Early research has shown that changes in cellular metabolism provide a clear differentiating parameter by which healthy neuronal cells can be distinguished from cells with neurodegenerative diseases. For these purposes, the values of the FAD/NAD(P)H redox ratio, as well as the fluorescence lifetimes and the contributions of the bound form NAD(P)H, were measured and evaluated. Estimation of the redox ratio showed that the value of this parameter is two times lower in DS spheroids compared to healthy ones. Analysis of FLIM parameters revealed that the DS spheroids are also characterized by their lower fraction of the bound form of NAD(P)H than in healthy spheroids and demonstrated a greater bias toward glycolytic status. Generally, the fluorescence and FLIM characteristics of cells in DS spheroids confirmed the reduction of OXPHOS, which has been associated with genetic abnormalities. To the best of our knowledge, such changes of cell metabolism in 3D models carrying Down syndrome have never previously been measured using fluorescence microscopy and FLIM. However, it should be noted that FLIM is already used for the in vitro analysis of metabolic changes in 2D cell cultures during the development of neurodegenerative diseases, such as Parkinson’s disease [
65] and Huntington’s disease [
66]. In studies conducted on 3D models created from stem cells, FLIM have also been used for analysis of the cell cycle [
67], stem cell niches [
68] and cell metabolism [
20,
69].
Such a change in the metabolic activity of cells is directly related to a change in the pH. Therefore, the level of intracellular pH can also be used as a parameter, the shift of which can indicate the presence of a pathological process. In our work, intracellular pH in spheroids with and without DS was measured. For this aim, the fluorescence intensities of the fluorescent probe—BCECF and the genetically-encoded sensor—SypHer-2 upon excitation at two wavelengths were measured, followed by calculations of the ratios of I488 to I405. According to the calibration curves, it was shown that spheroids carrying DS have more alkaline pH values than healthy ones (pH = 7.18 and 7.1, respectively). It is known that the intracellular pH of healthy cells is maintained within a narrow interval 7.0–7.2 [
29]. Rodeau and co-workers demonstrated that the intracellular pH of spinal cord neurons cultured from rat embryos was 7.18 ± 0.03 [
70]. Despite the fact that we have shown a statistically significant difference between the pH values in healthy neuronal spheroids and spheroids with DS, both values were in the typical physiological range. Therefore, in our case, pH cannot be seen as an independent differentiating parameter, but it does serve as an additional one supporting analyses of metabolism.
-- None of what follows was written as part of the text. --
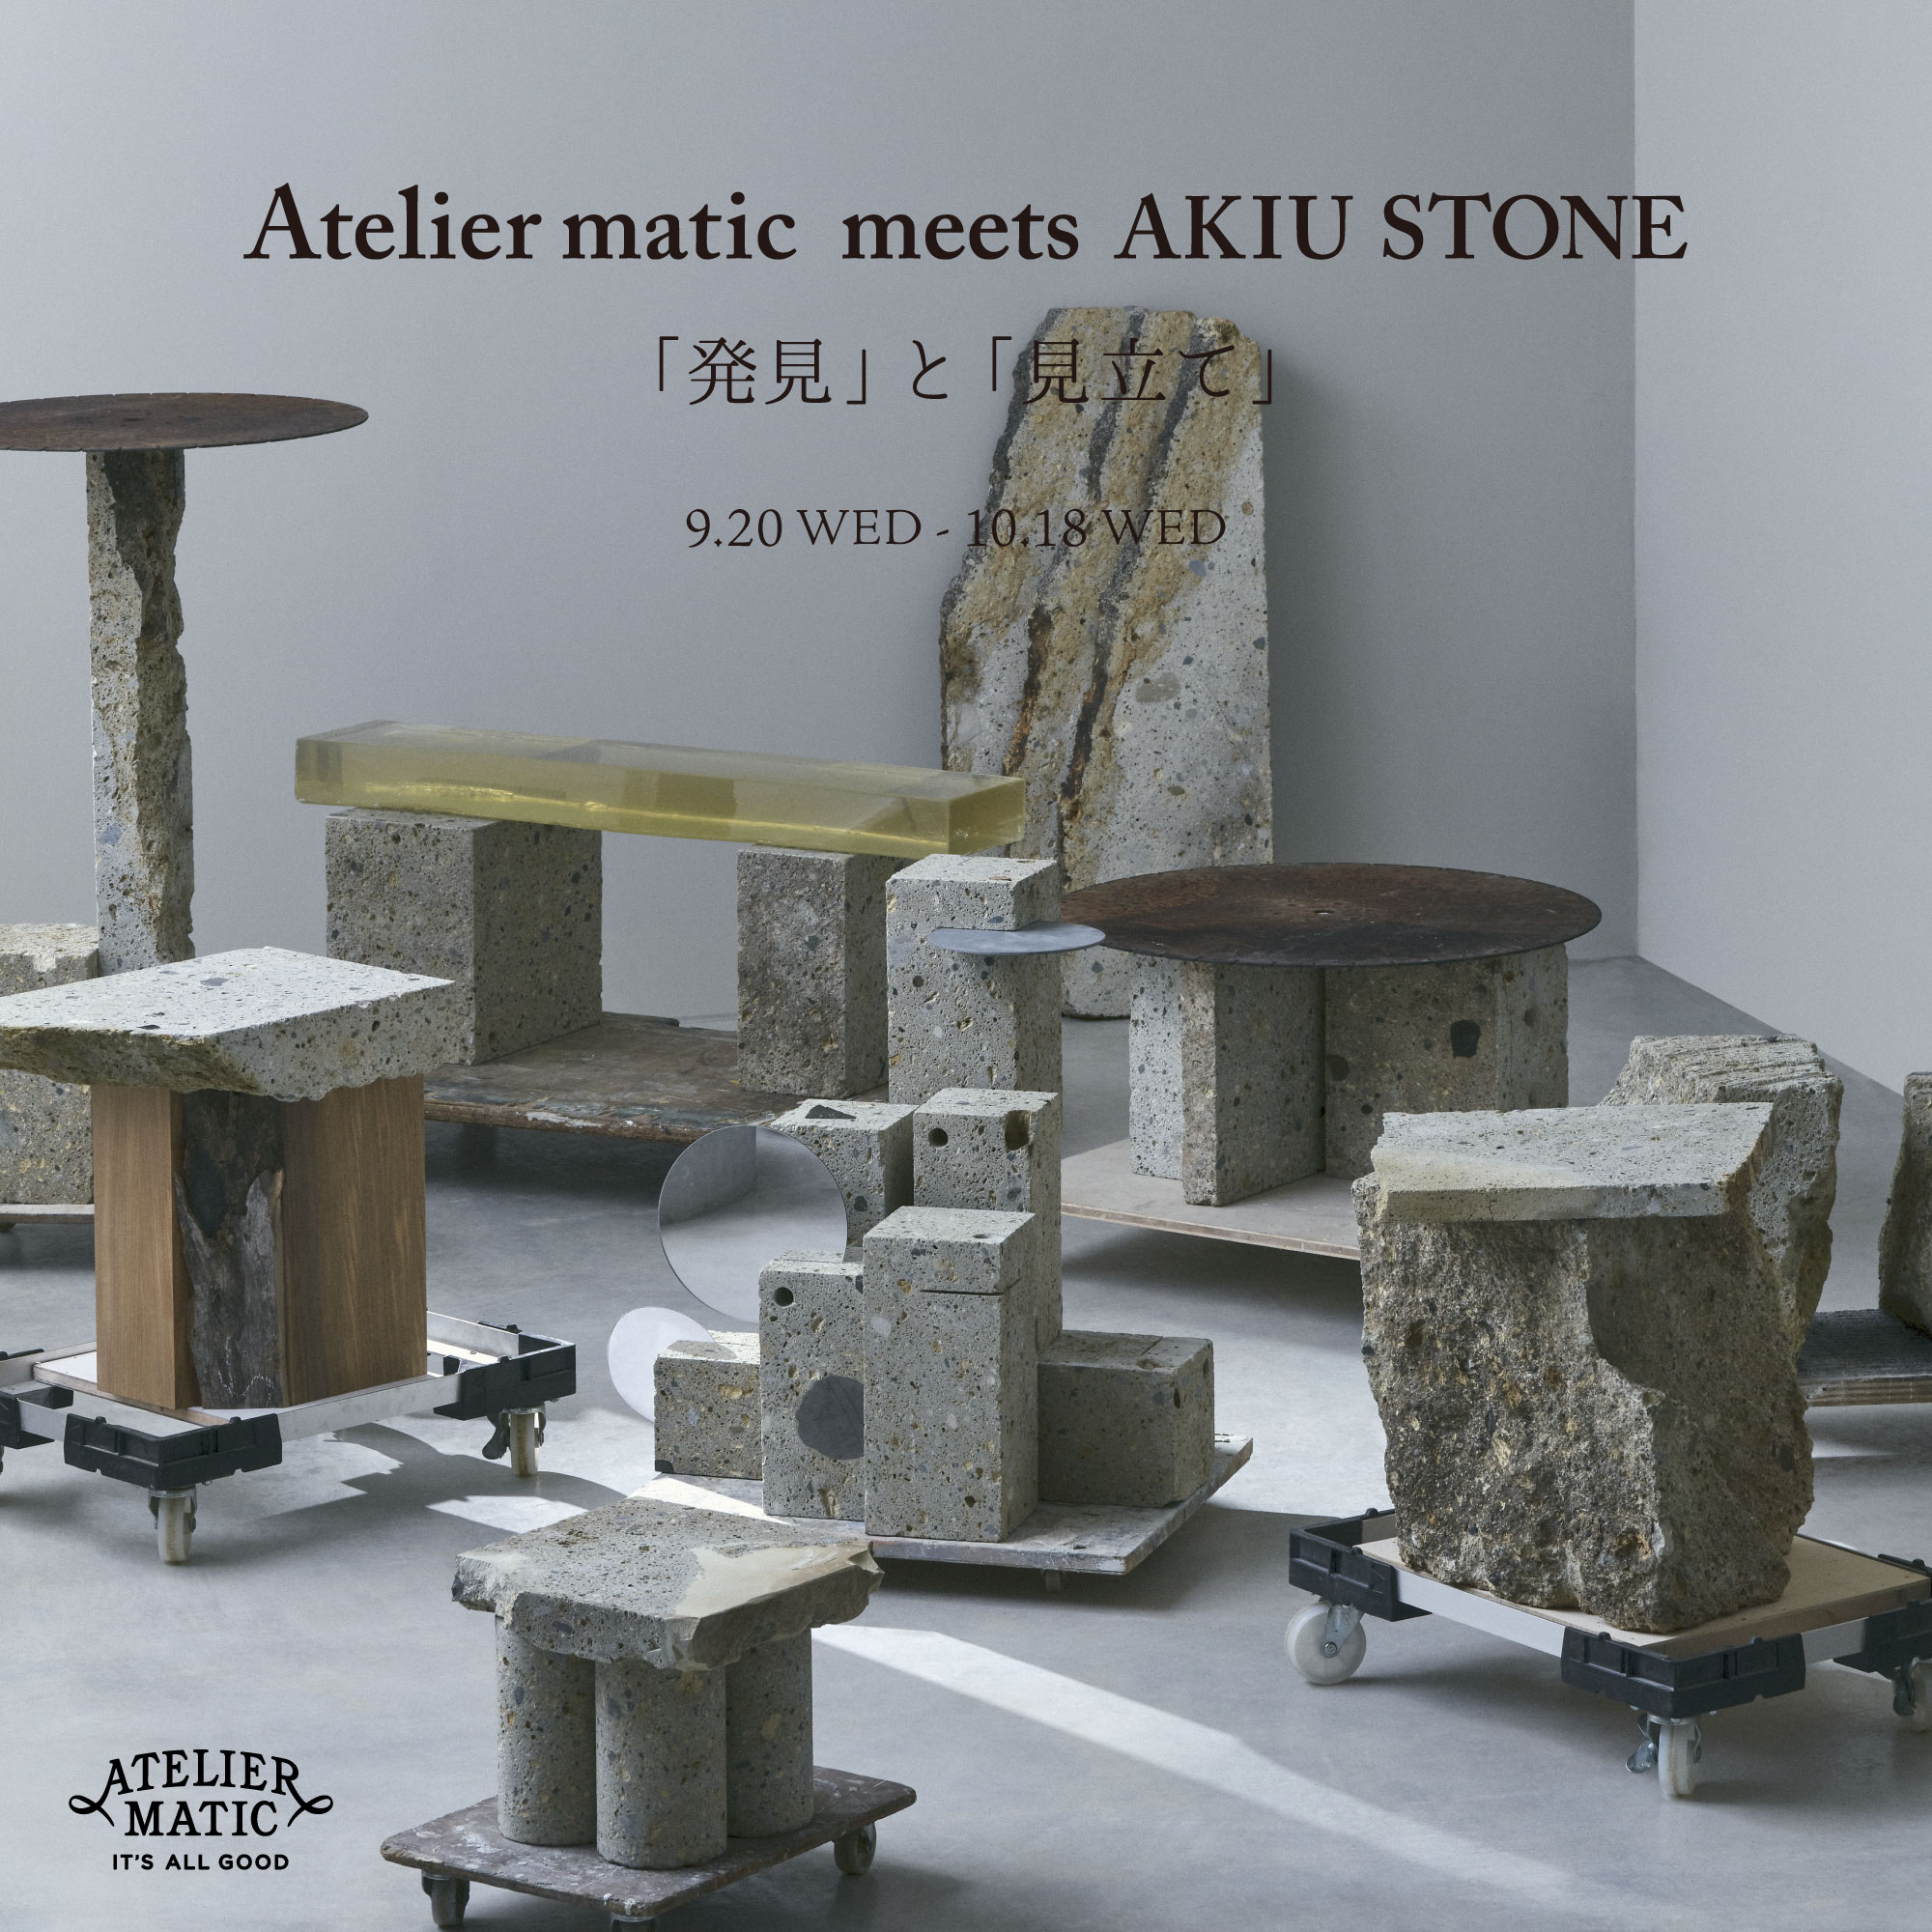 Atelier matic meets AKIU STONE 「発見」と「見立て」

It is also known that a more alkaline intracellular pH favors glycolysis by increasing the activity of glycolytic enzymes such as lactate dehydrogenase and phosphofructokinase 1 [
71]. In our case, the pH data correlate well with the data on metabolic status, namely, TS21 spheroids have more alkaline pH values and characterize more glycolytic status. However no data were provided about changes in the intracellular pH in neurodegenerative diseases, although it is known that a reverse pH gradient is characteristic of cancer cells. This is due to an increase in the number of membrane ion transporters, which leads to the active transfer of protons out of the cell and to acidification of the extracellular environment [
72,
73,
74]. In neurobiology, fluorescent pH probes such as BCECF have usually been used for in vitro and ex vivo examination of pH regulation by cells from different areas of the brain [
72,
75]. In earlier studies, the fluorescent, genetically-encoded pH sensor SypHer-2 was used to analyze intracellular pH in tumor spheroids [
76,
77].
Thus, we have shown the capabilities of fluorescence microscopy and FLIM for assessing the metabolism and pH of cells in 3D models of neurodegenerative diseases. Fluorescence microscopy and FLIM can be used to quickly assess the disease phenotype and the effectiveness of therapeutic effects on cells for the correction of metabolic disorders. Moreover, these optical techniques may be effectively combined with immunocytochemical, histochemical, colorimetric, biochemical, and genetic methods for the full screening of 3D models of neurodegenerative diseases.